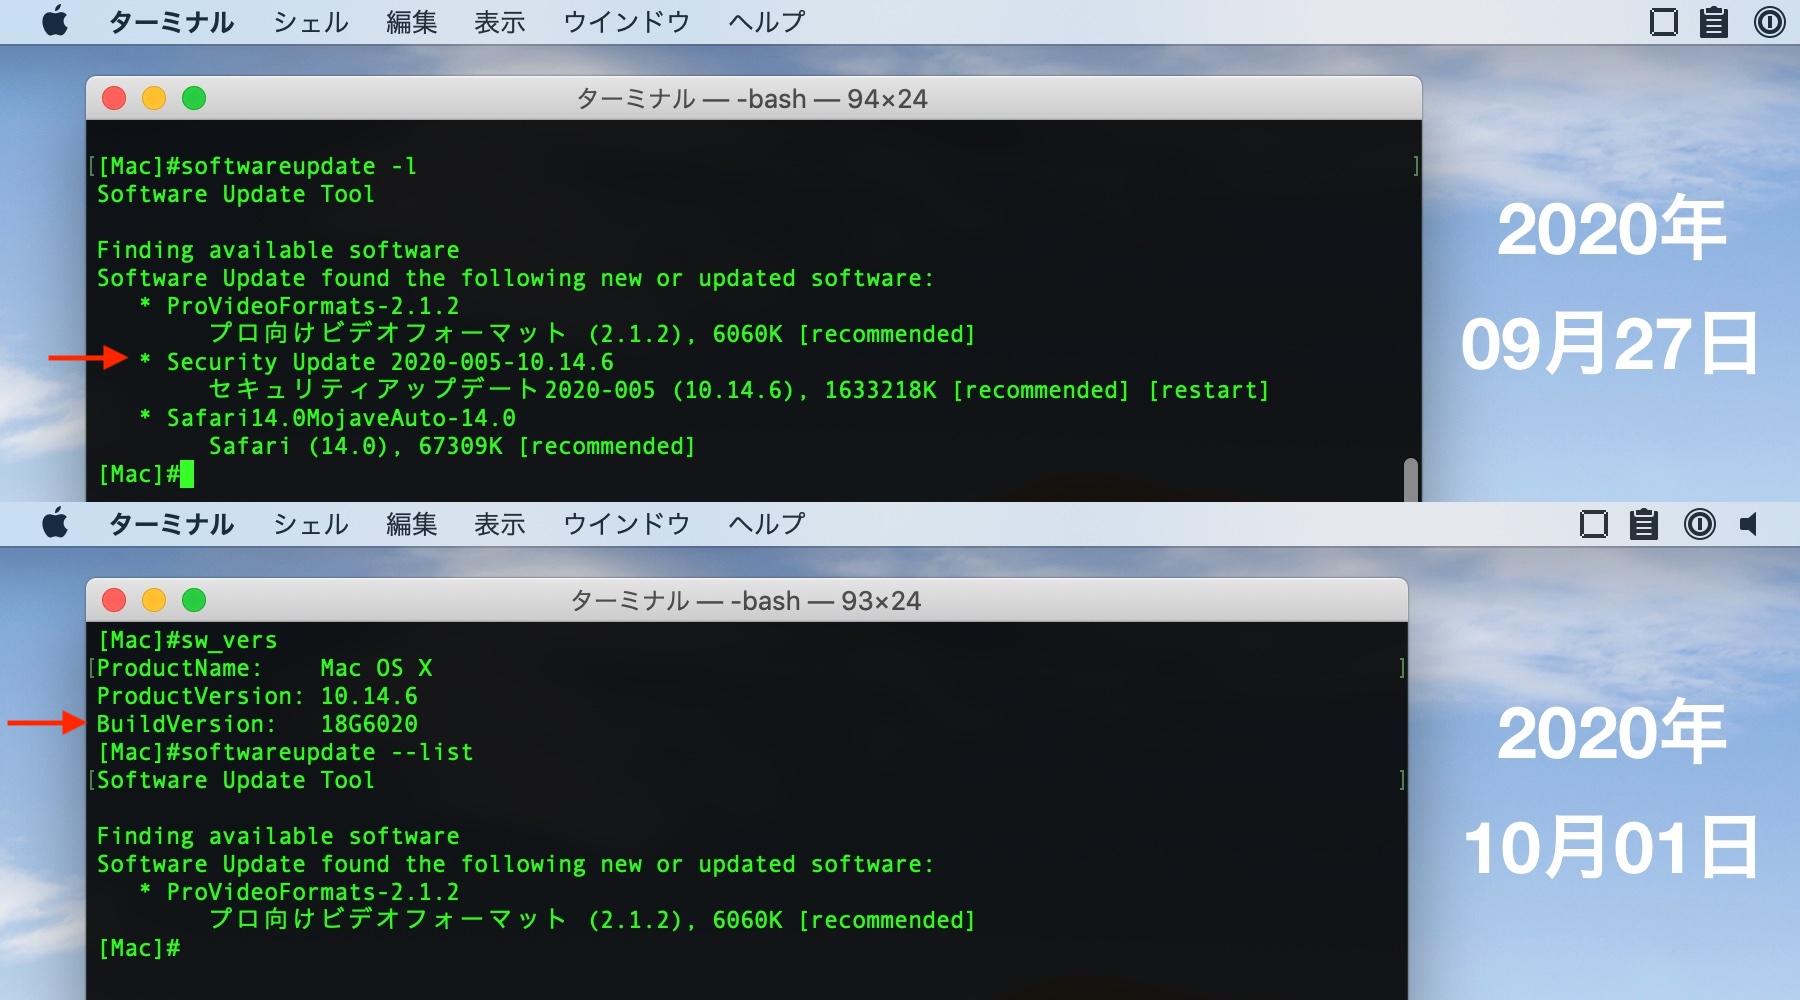 macOS 10.14.6 Mojave Build 18G6032
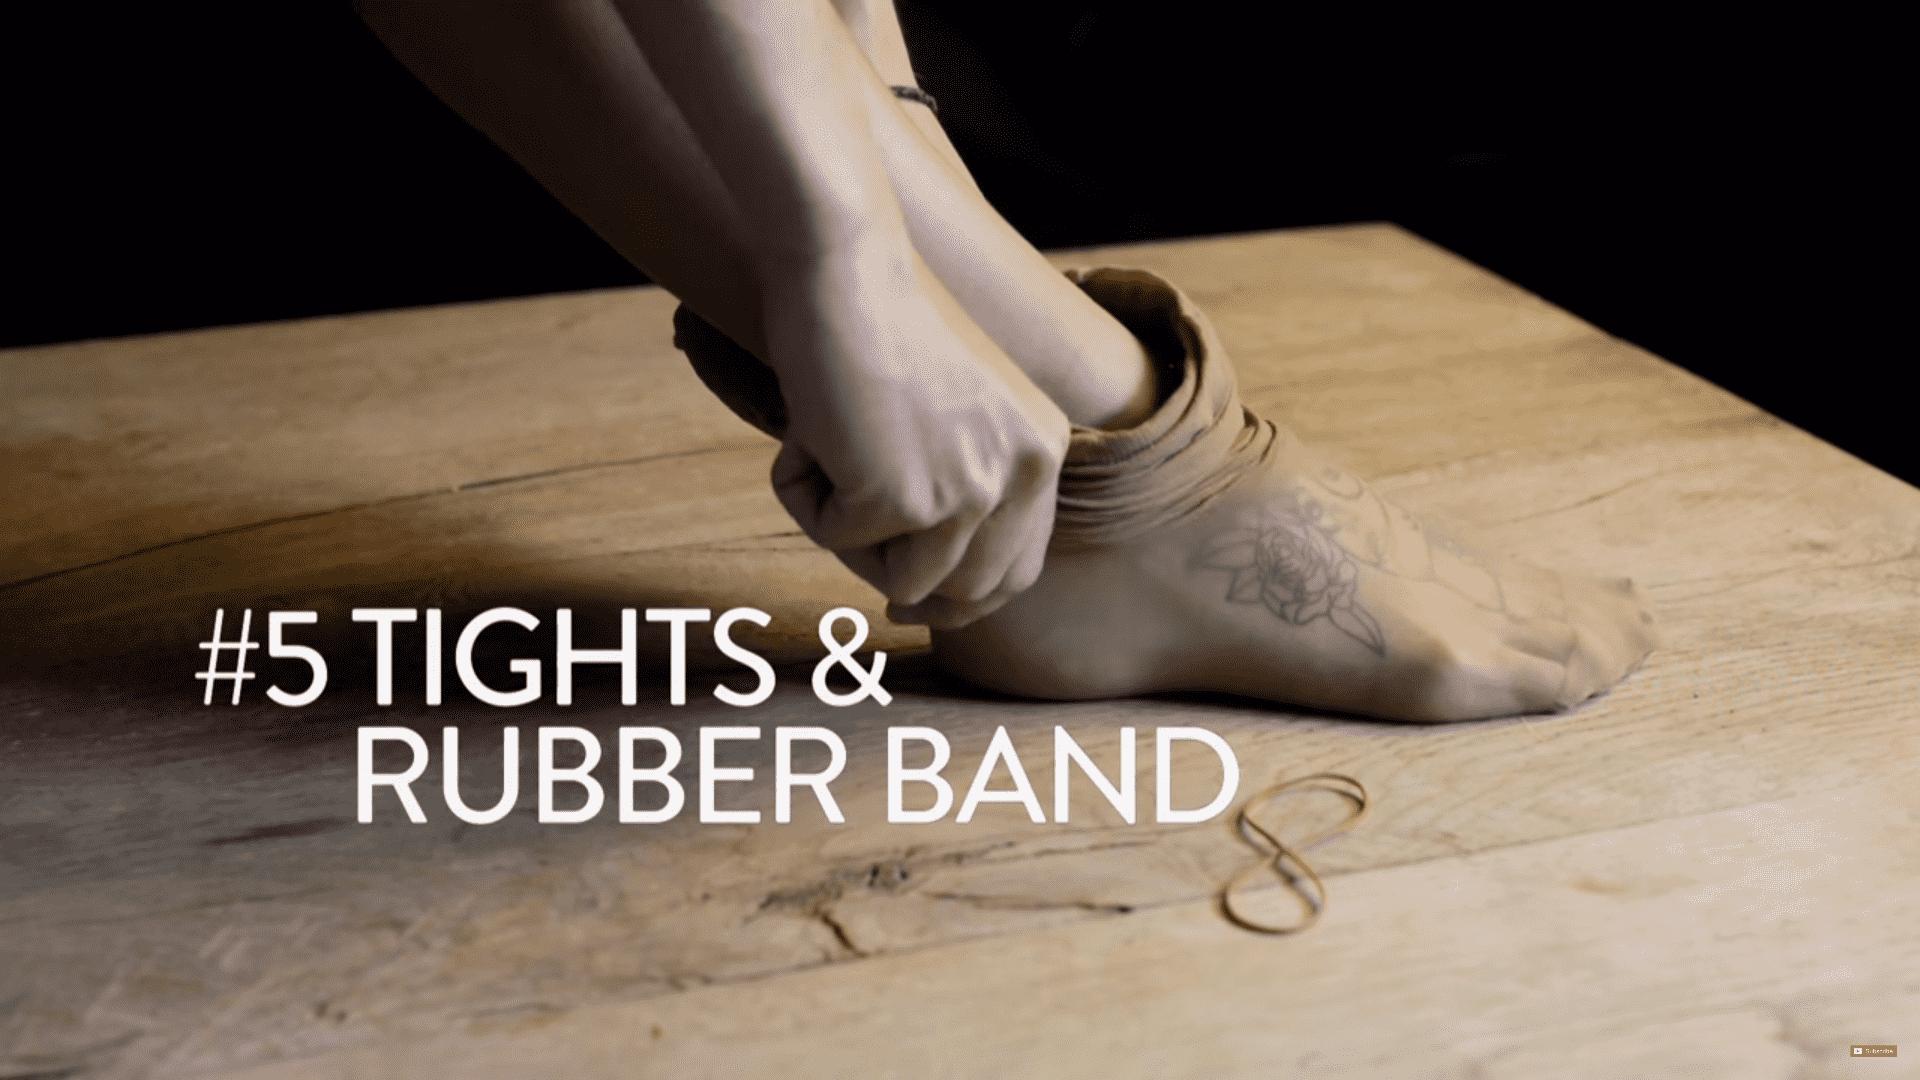 rubberbands1 min image
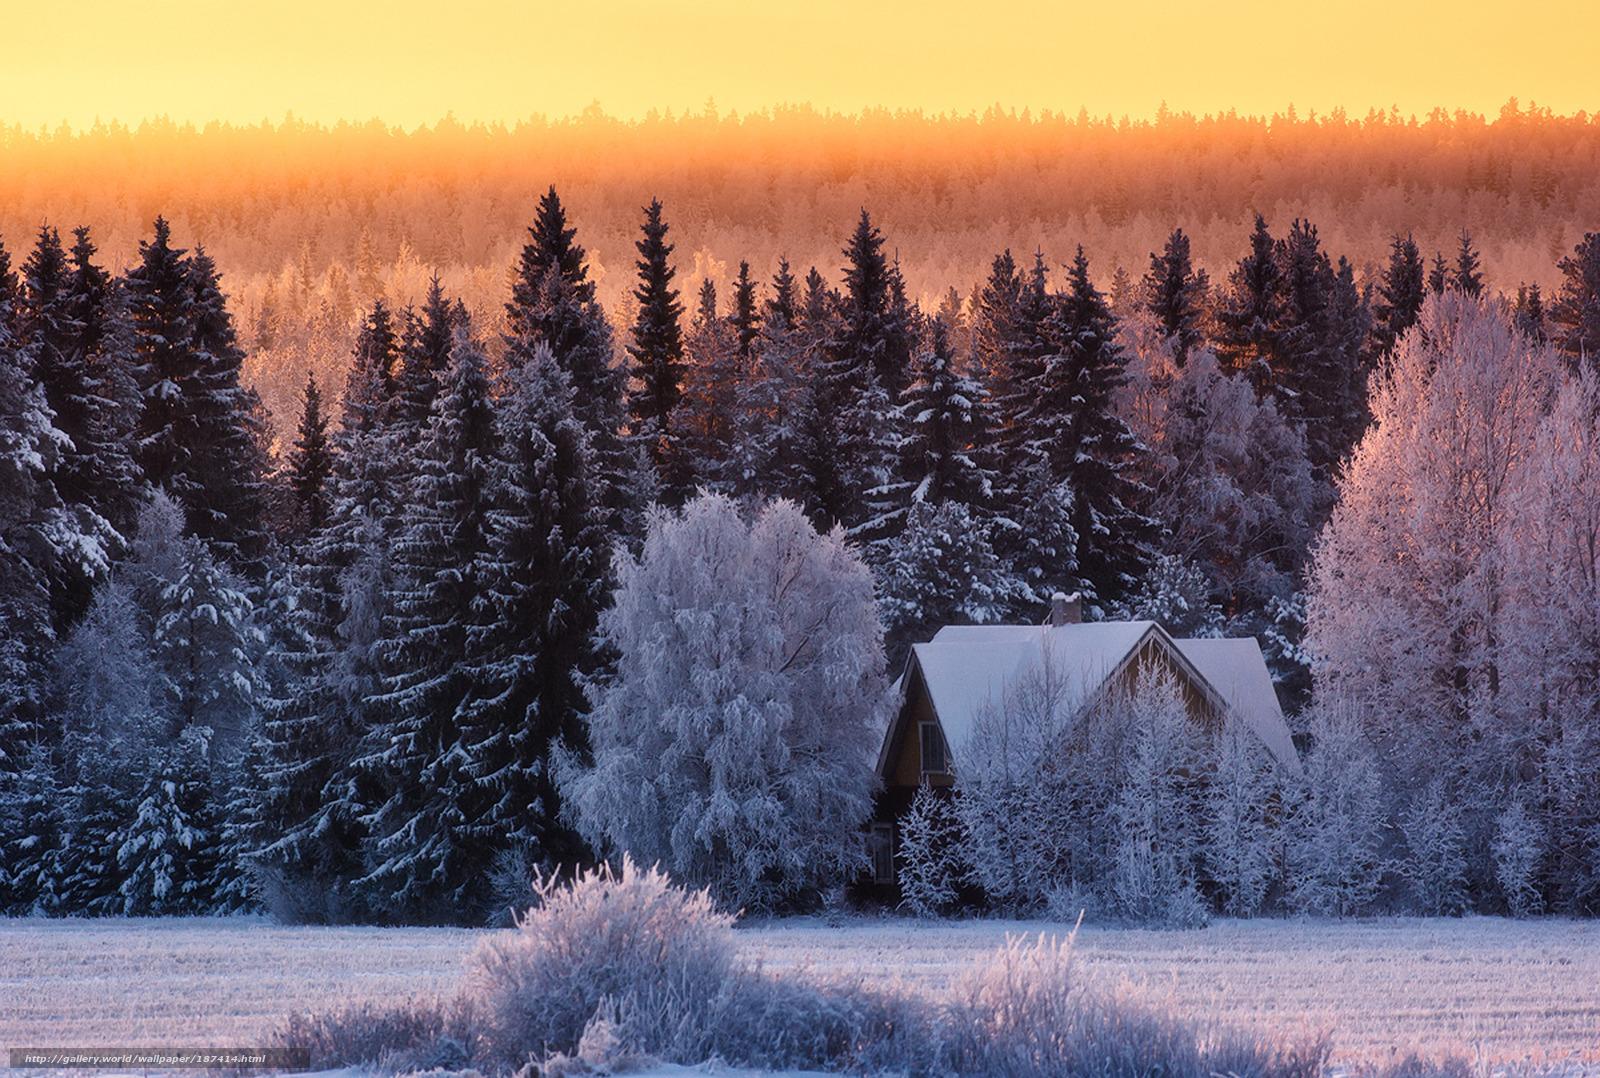 Scaricare gli sfondi inverno gelo foresta neve sfondi for Desktop gratis inverno
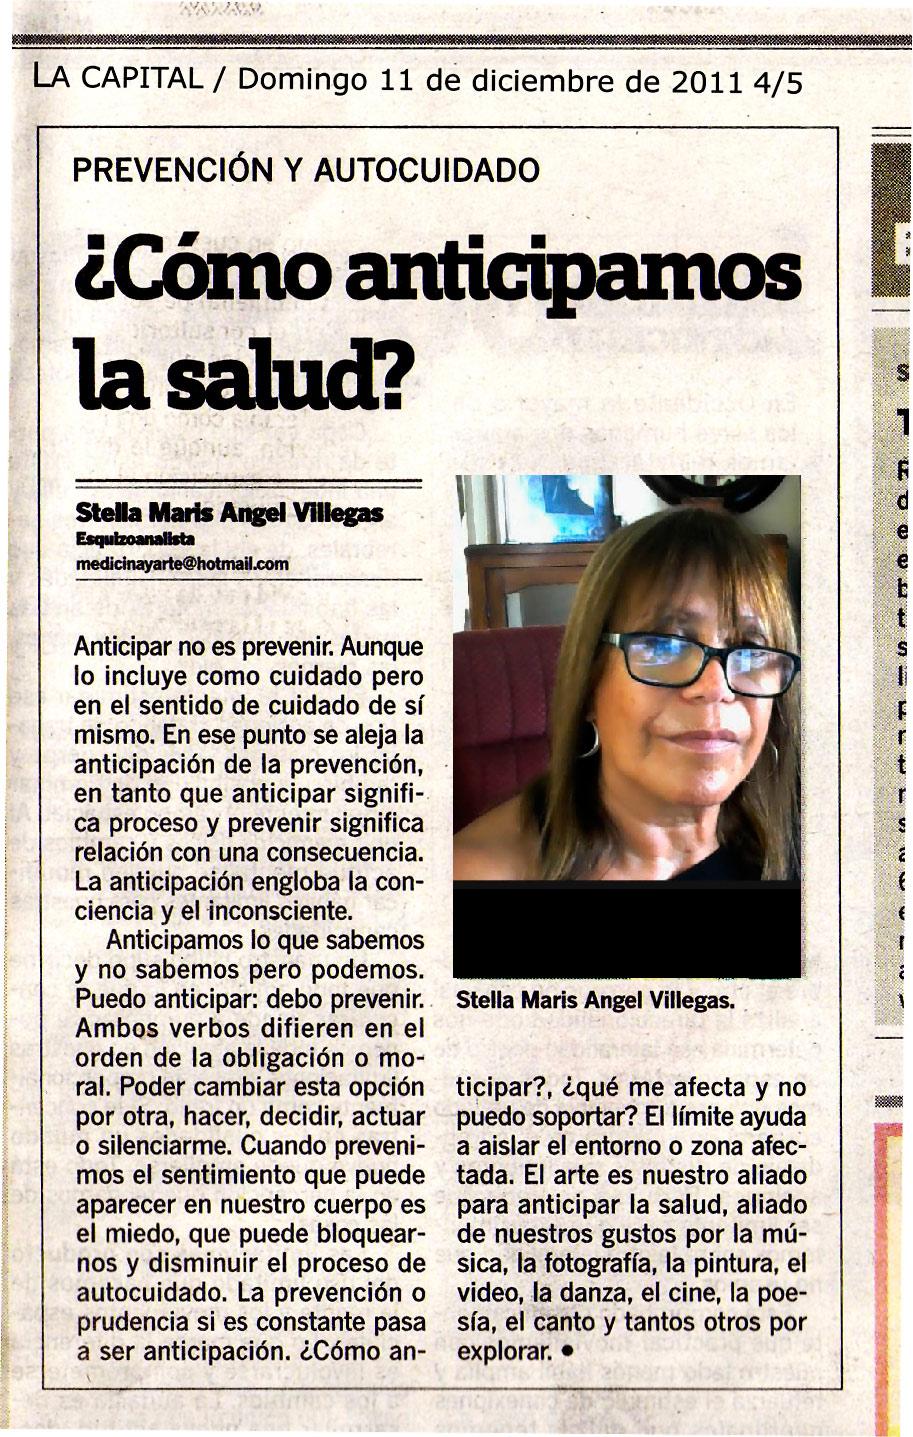 http://medicinayarte.com/img/anticpar_la_salud_la_capital_max.jpg
————
-- YOUR GOAL --
Rewrite the data above exactly as given, but omit the images.

-- RESPONSE --
 macOS 10.14.6 Mojave Build 18G6032
 rubberbands1 min image
 Scaricare gli sfondi inverno gelo foresta neve sfondi for Desktop gratis inverno
 http://medicinayarte.com/img/anticpar_la_salud_la_capital_max.jpg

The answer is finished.